(Items from a dataset)
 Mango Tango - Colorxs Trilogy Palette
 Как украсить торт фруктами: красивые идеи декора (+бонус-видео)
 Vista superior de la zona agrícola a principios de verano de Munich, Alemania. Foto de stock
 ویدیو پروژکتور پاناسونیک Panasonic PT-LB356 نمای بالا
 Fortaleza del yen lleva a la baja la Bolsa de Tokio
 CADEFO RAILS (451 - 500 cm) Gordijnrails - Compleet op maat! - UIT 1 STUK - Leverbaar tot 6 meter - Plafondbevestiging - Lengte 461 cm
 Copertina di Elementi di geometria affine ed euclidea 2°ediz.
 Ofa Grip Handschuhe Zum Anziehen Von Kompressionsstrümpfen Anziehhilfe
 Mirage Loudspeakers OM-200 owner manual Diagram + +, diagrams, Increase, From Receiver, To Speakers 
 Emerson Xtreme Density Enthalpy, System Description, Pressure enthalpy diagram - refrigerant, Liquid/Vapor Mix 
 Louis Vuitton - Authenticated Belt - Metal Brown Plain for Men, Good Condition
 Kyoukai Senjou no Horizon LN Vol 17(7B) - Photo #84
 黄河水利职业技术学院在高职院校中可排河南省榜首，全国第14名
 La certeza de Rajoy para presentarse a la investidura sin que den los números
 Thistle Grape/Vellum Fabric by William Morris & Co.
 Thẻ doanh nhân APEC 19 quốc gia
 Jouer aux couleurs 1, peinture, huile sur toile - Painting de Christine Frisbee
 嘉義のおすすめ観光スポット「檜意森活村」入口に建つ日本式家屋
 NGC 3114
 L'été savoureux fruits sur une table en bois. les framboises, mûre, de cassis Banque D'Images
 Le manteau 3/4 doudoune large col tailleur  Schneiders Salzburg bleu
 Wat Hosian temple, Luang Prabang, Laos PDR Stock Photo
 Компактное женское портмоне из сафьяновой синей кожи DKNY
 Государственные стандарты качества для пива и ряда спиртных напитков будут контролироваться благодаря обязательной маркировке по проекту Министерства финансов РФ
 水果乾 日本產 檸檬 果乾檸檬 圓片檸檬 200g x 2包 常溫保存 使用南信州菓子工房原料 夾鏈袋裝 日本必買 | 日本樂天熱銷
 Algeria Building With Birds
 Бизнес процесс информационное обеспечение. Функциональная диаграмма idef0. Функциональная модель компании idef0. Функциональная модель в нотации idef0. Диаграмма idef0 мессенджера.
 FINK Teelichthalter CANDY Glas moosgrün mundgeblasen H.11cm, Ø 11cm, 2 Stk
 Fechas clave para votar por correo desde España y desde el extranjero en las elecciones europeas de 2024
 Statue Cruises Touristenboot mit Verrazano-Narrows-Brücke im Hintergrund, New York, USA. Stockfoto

TASK DESCRIPTION ▸
The answer must be every line of the data that holds the word "Photo".

ANSWER BOX ▸
 Kyoukai Senjou no Horizon LN Vol 17(7B) - Photo #84
 Wat Hosian temple, Luang Prabang, Laos PDR Stock Photo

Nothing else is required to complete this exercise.